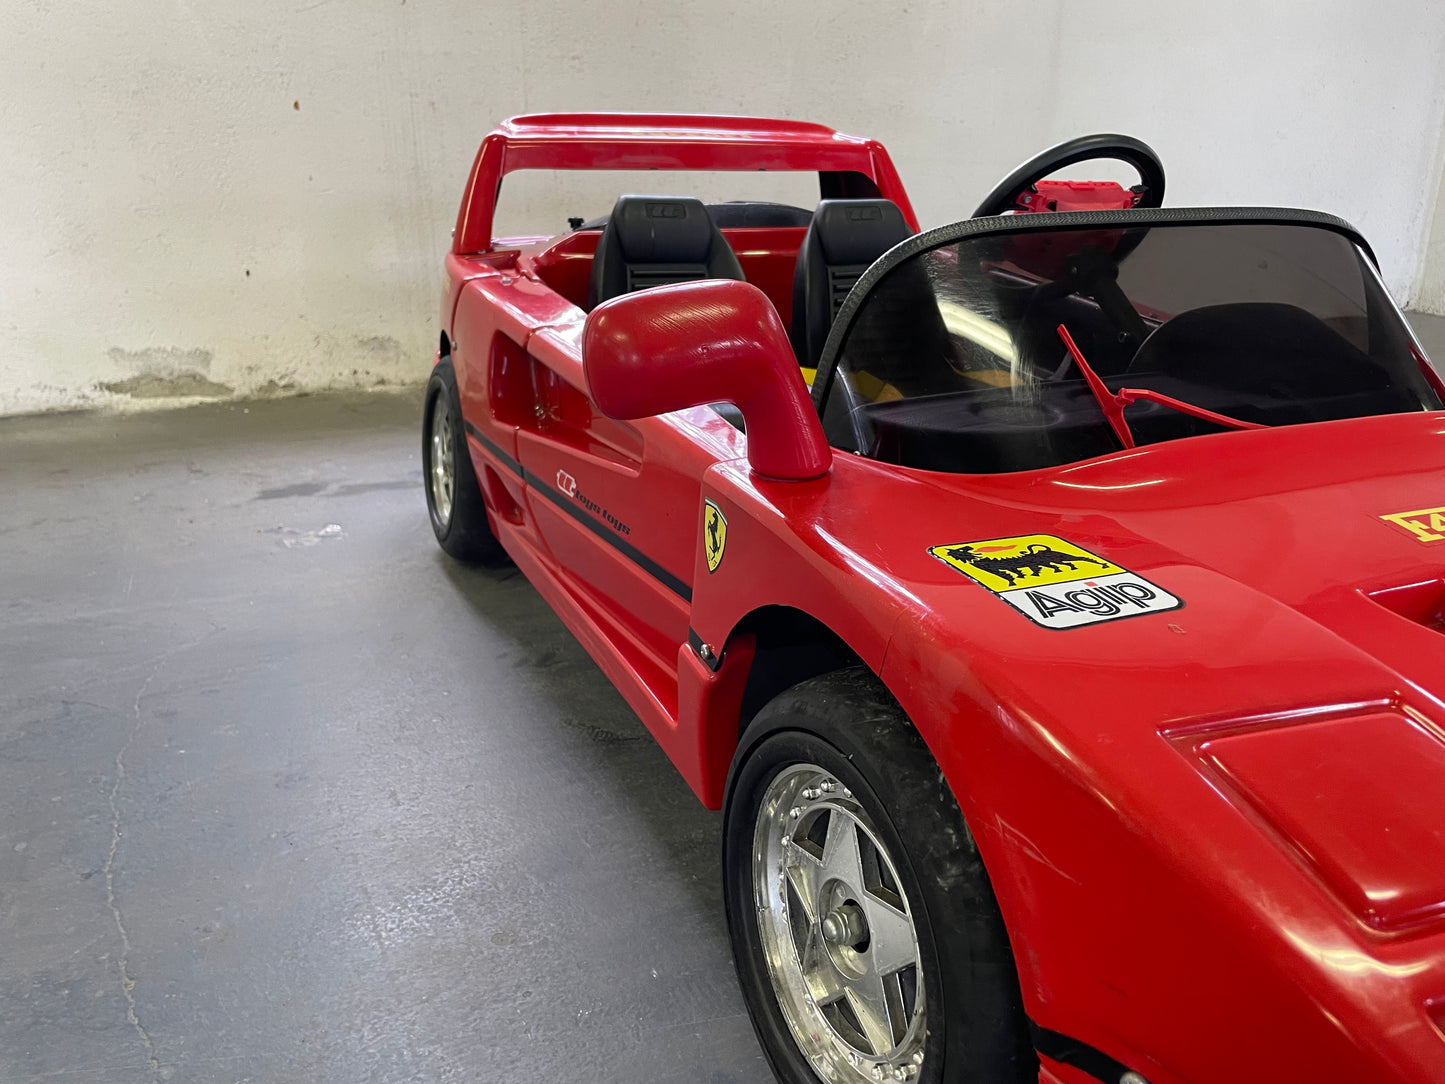 TT Toys Toys Ferrari F40-Style Electric Go-Kart
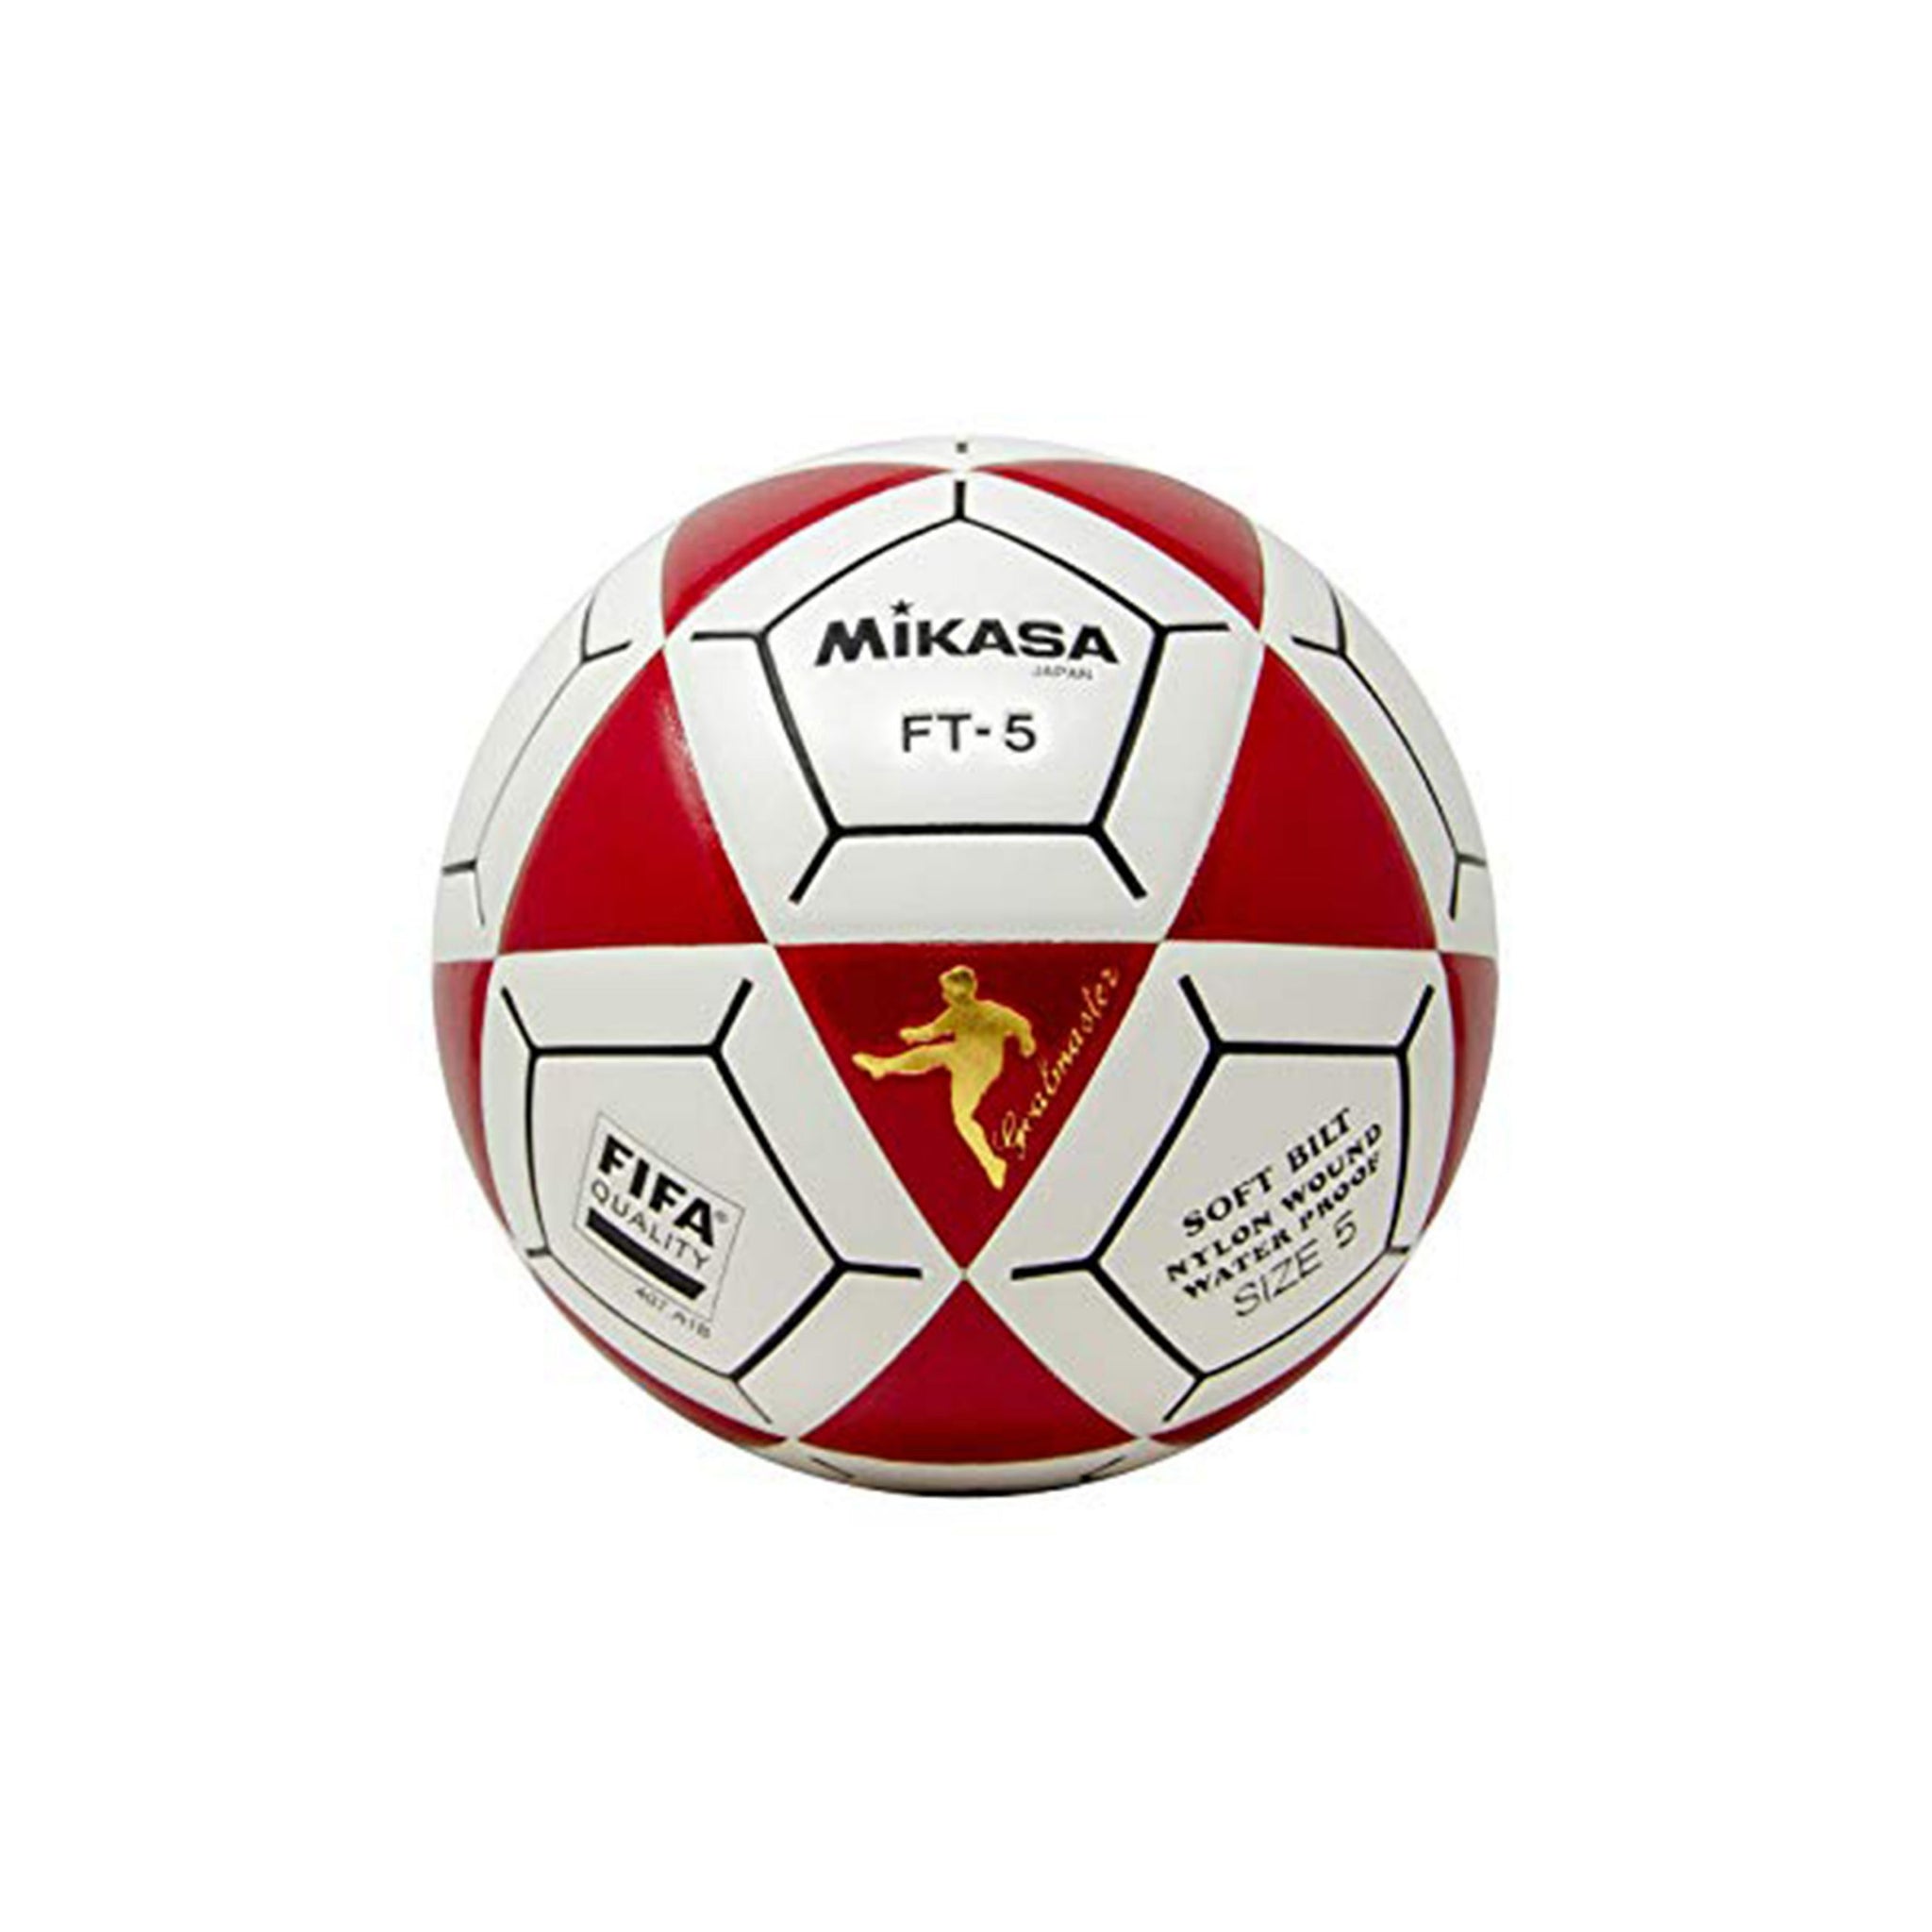 MIKASA FT - 5A Ball (Red & White)
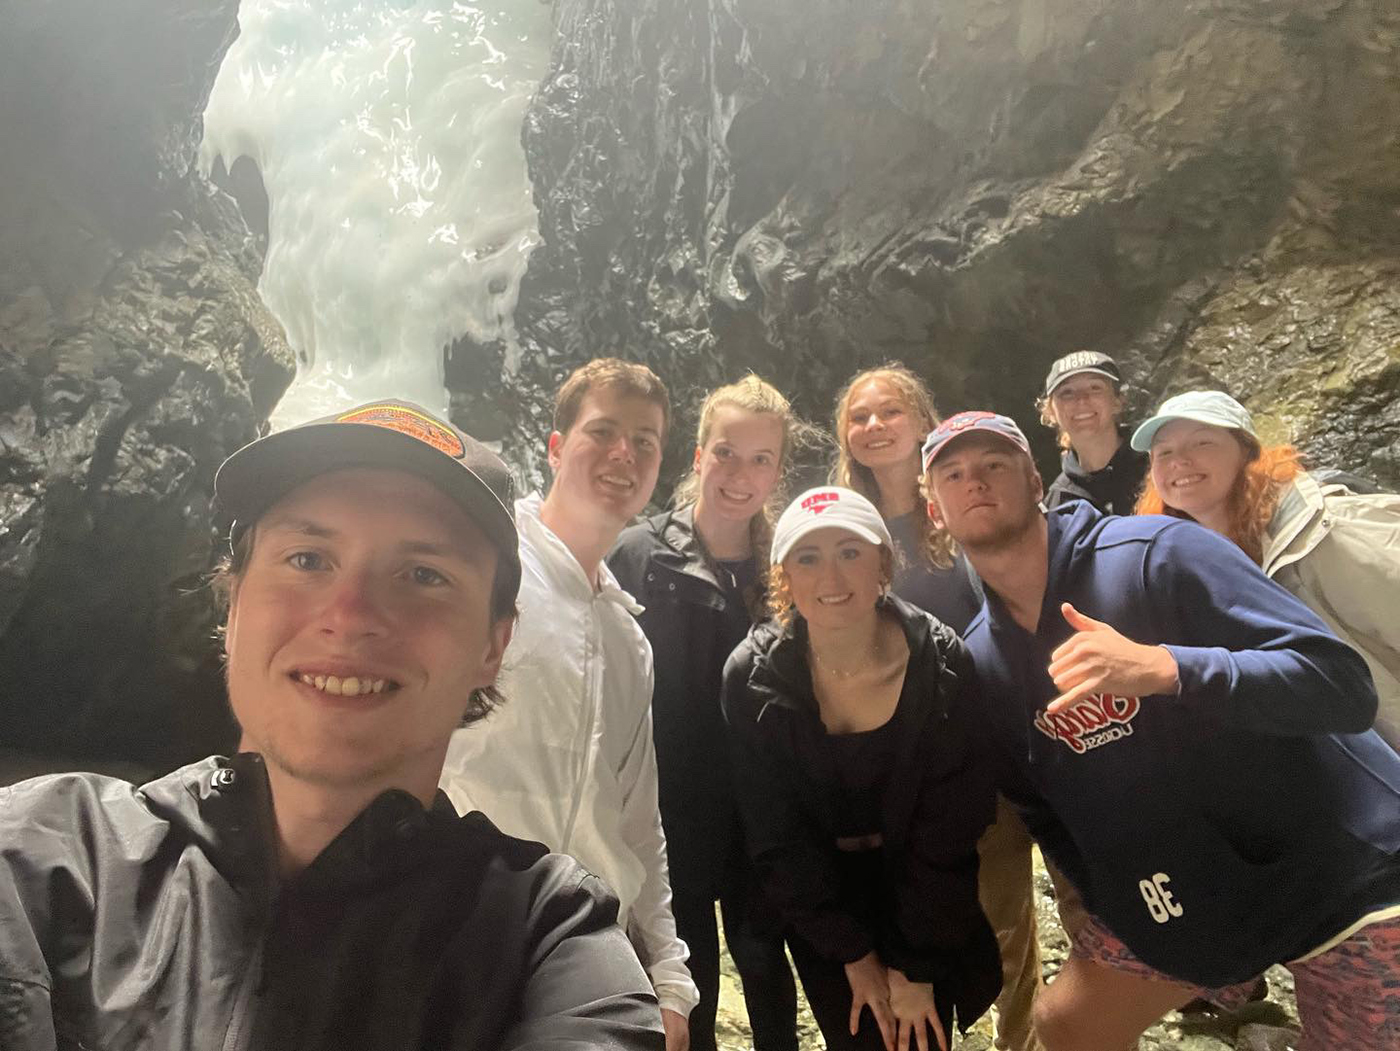 SMU-in-Taos students gather near a frozen waterfall
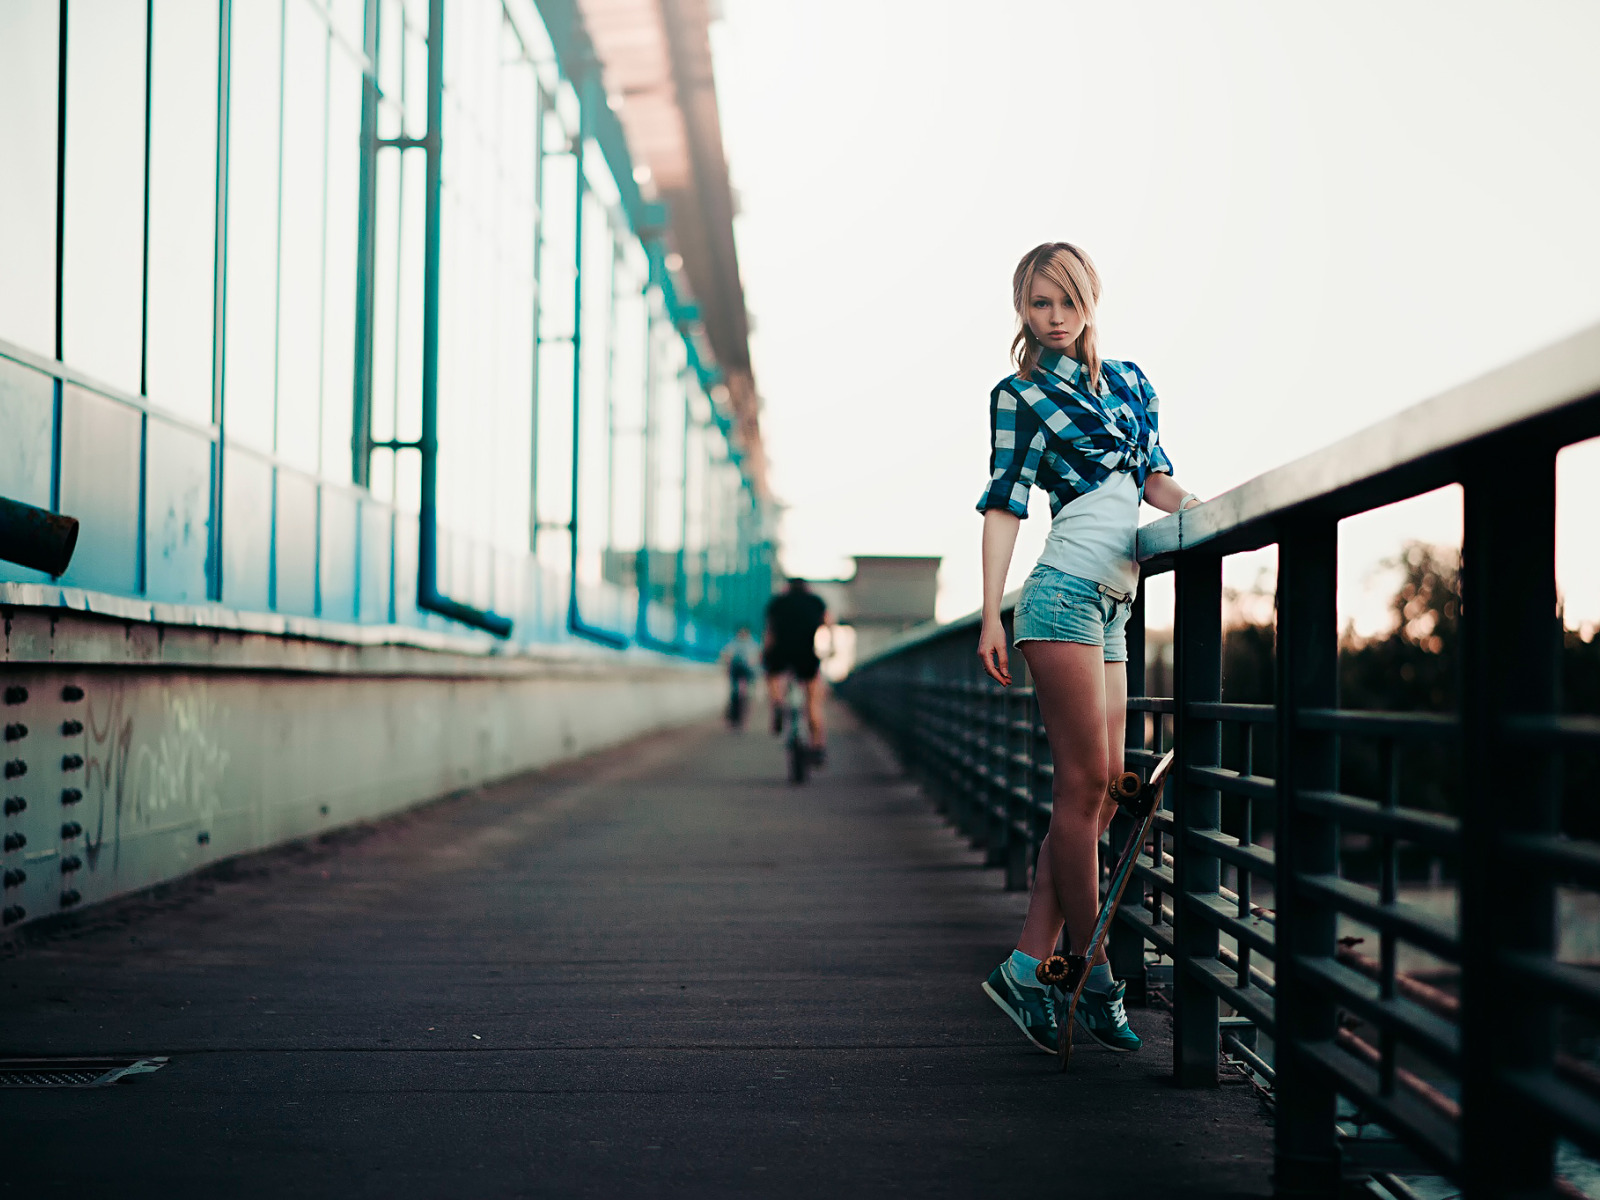 Девушка по городу mp3. Фотосессия в городе. Фотосессия на мосту девушка. Фотосессия в городском стиле. Девушка блондинка на мосту.

_ _ _ _ _ _ _

◆ Task instructions
Return nothing but the lines running from the start of the data to the line with "SMU-in-Taos students gather", please, both ends included and no pictures.

◆ Task result
 TT Toys Toys Ferrari F40-Style Electric Go-Kart
 MIKASA FT - 5A Ball (Red & White)
 SMU-in-Taos students gather near a frozen waterfall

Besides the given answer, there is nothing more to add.